Chinese word combinations
As someone who is currently learning Mandarin, I find the language very challenging – both to speak and to write – as well as extremely quirky. It is, however, a very satisfying language to learn, as it’s almost impossible to learn to speak Chinese without learning a little about Chinese culture.
One element I find especially interesting is the way Chinese combines words to form new words or phrases. A much earlier post touches on this, discussing how Chinese has to combine ideas to give names to modern concepts like the computer:
The age of the Chinese language means that it has to adapt itself to new concepts and ideas. For example, Mandarin for ‘train’ is 火车 (huǒ chē), which literally means “fire car”. Likewise, a computer – 电脑 (diànnǎo) – is an “electric brain”; and a helicopter – 直升机 (zhí shēng jī) – is a “straight-rising machine”.

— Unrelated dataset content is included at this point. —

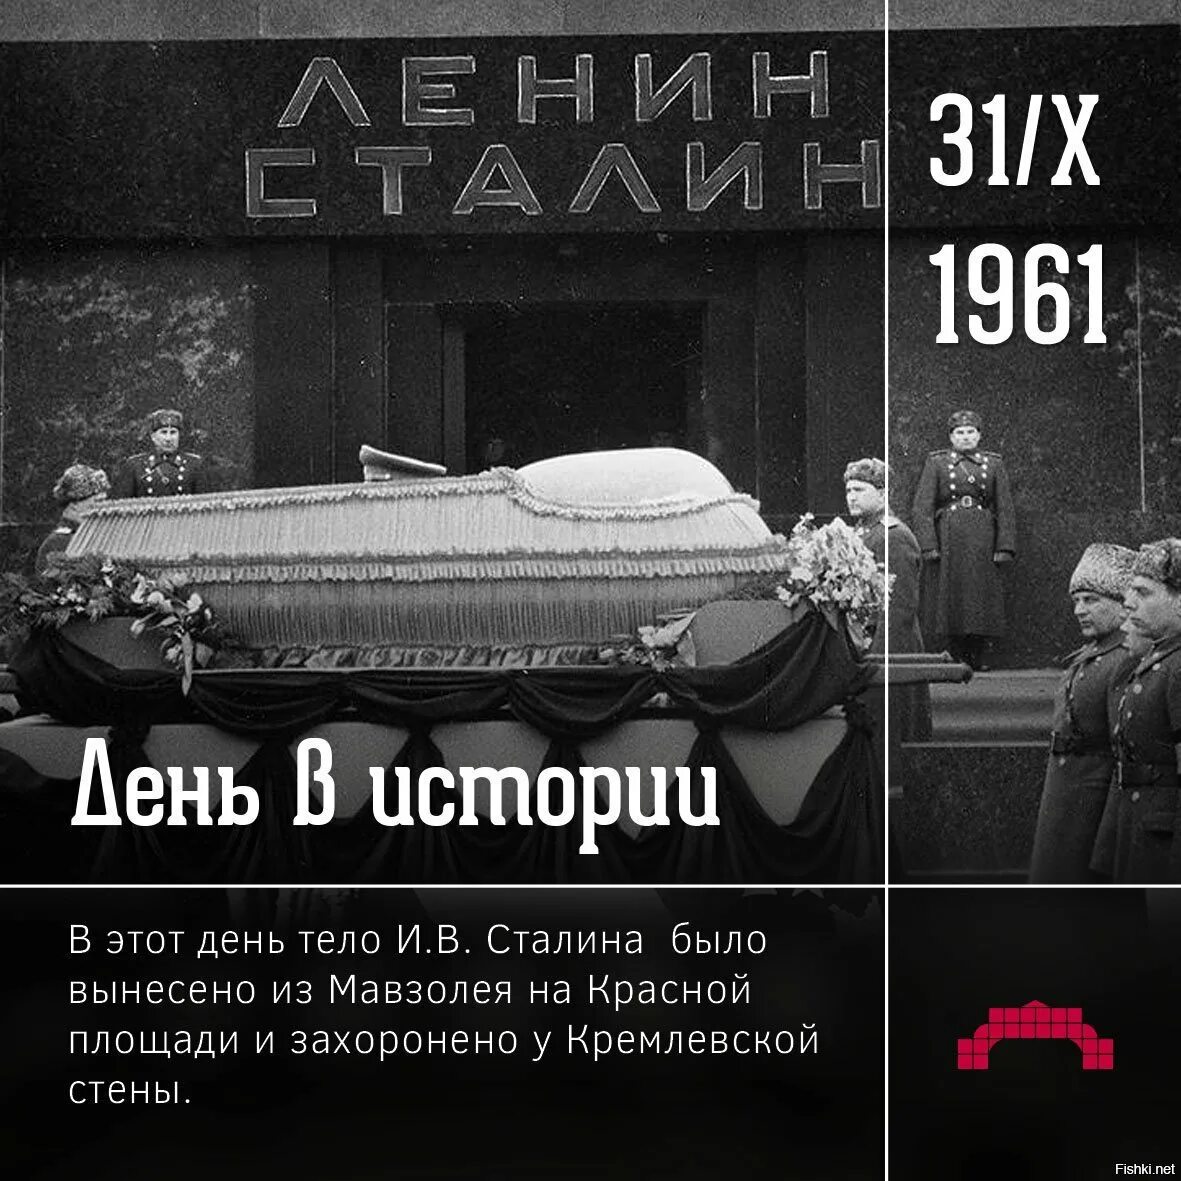 Вынос тела Ленина из мавзолея в 1961. Вынос Сталина из мавзолея 1961. Вынос тела Сталина из мавзолея.

However, Chinese also mixes together everyday words to bring a new meaning to the combination. Two good examples of this actually concern combining words with opposite meanings: zuǒyòu (左右) and dōngxi (东西).
On their own, zuǒ (左) and yòu (右) mean “left” and “right” respectively. Put them together, however, and you get the word for ‘about’ or ‘around’. For example, when Chinese people ask me how long I’ve been living in China, I reply “Yī nián zuǒyòu” (一年左右) – “about one year”.

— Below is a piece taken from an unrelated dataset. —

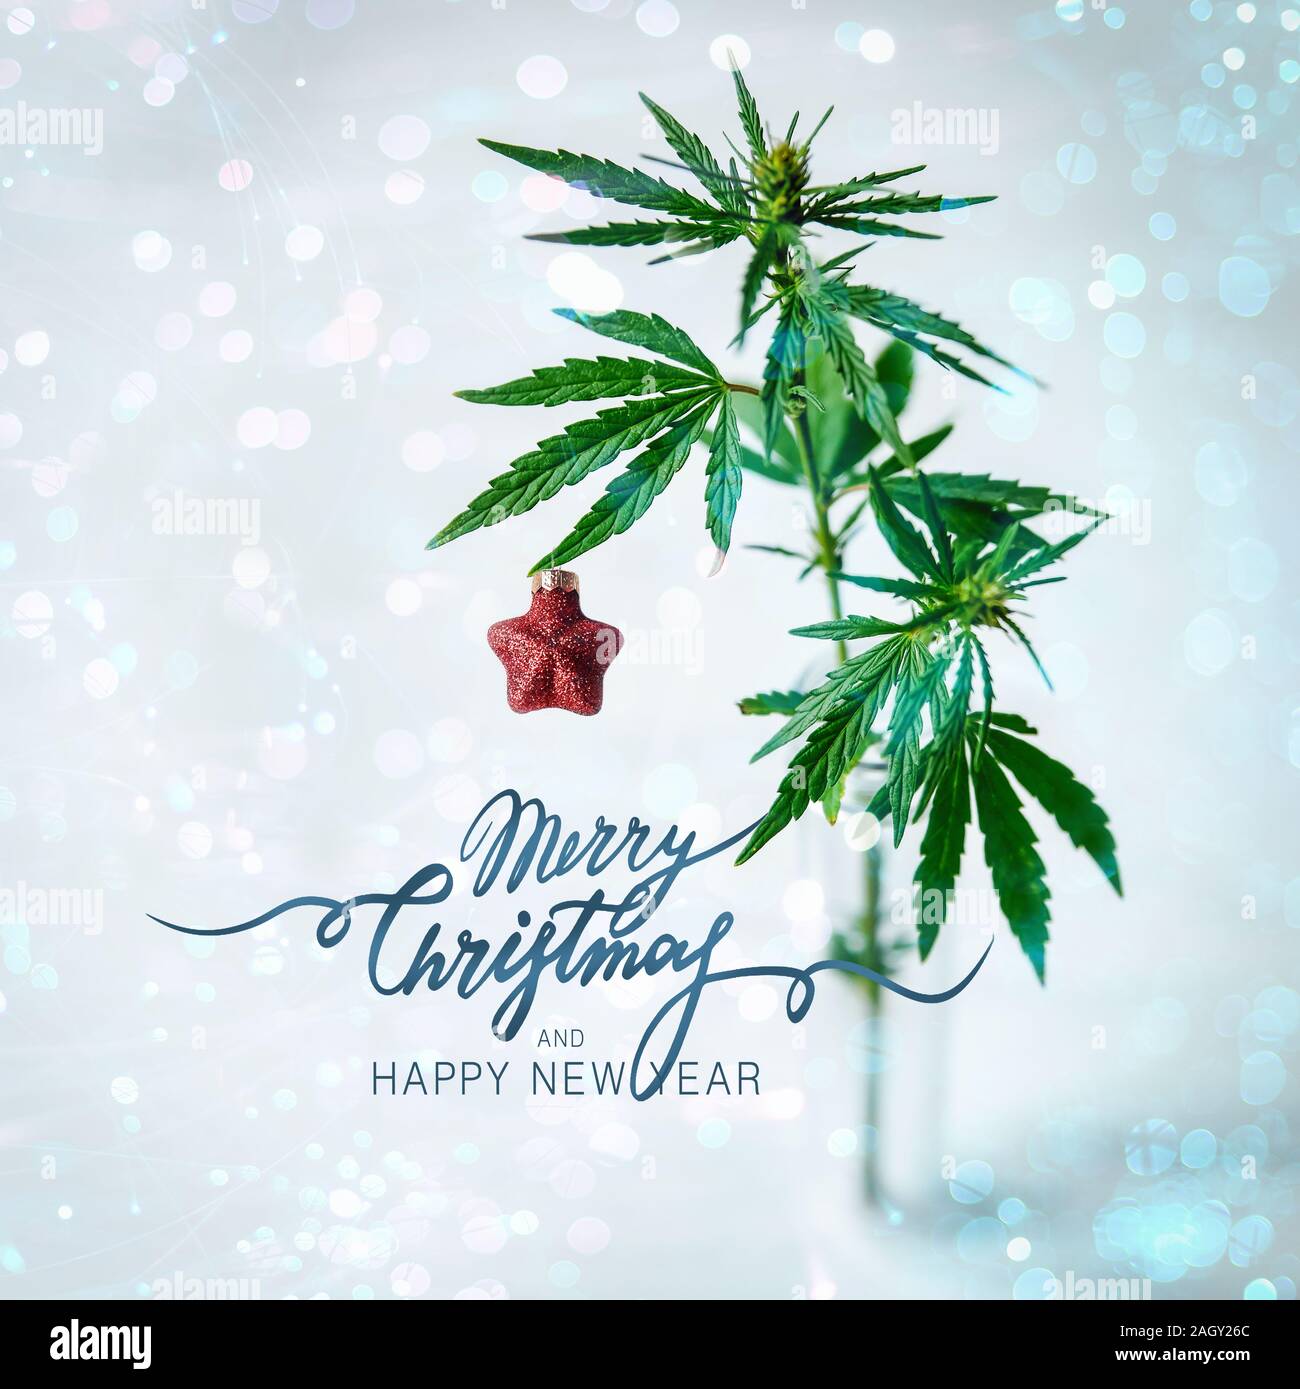 Feuille de Cannabis et bush avec décoration de Noël. Arrière-plan de fête. Joyeux noël carré lettrage Banque D'Images

Onto the second example – the individual words dōng (东) and xī (西) mean “east” and “west”, but together they form a multi-purpose word for ‘thing’. My first few months in China were plagued with me pointing at food and other objects in shops, and not knowing the word for that object, asking the shopkeeper “Zhège dōngxi shì duōshǎo qián?” (这个东西是多少钱) – “how much is this thing?”. It’s a word that I still often use, and so do most Chinese people.
The strange thing is, both of these combinations make a certain amount of sense. Sure, it’s not as literal as saying hónglǜdēng (红绿灯) for “traffic light” (literally “red green light”), but there’s a certain degree of poetry to the words.

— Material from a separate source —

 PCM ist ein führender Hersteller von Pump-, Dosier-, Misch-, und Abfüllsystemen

Recently, having started learning Chinese characters, a few realizations have hit me. One of these was the word mǎshàng, which means “soon”. I never gave much thought to the word until I learned the characters: 马上. The second character, shàng (上) is a very common character with many meanings, but usually means ‘on’ or ‘next to’ (for example, the city in which I live, Shànghǎi (上海), means “next to the sea”). The first character, mǎ (马), means “horse” – so the word literally means “on a horse”.
Presumably, in ancient China, since horse was the fastest method of travel, anybody on a horse would be arriving soon. I don’t know if that’s the actual etymology, but I really want it to be!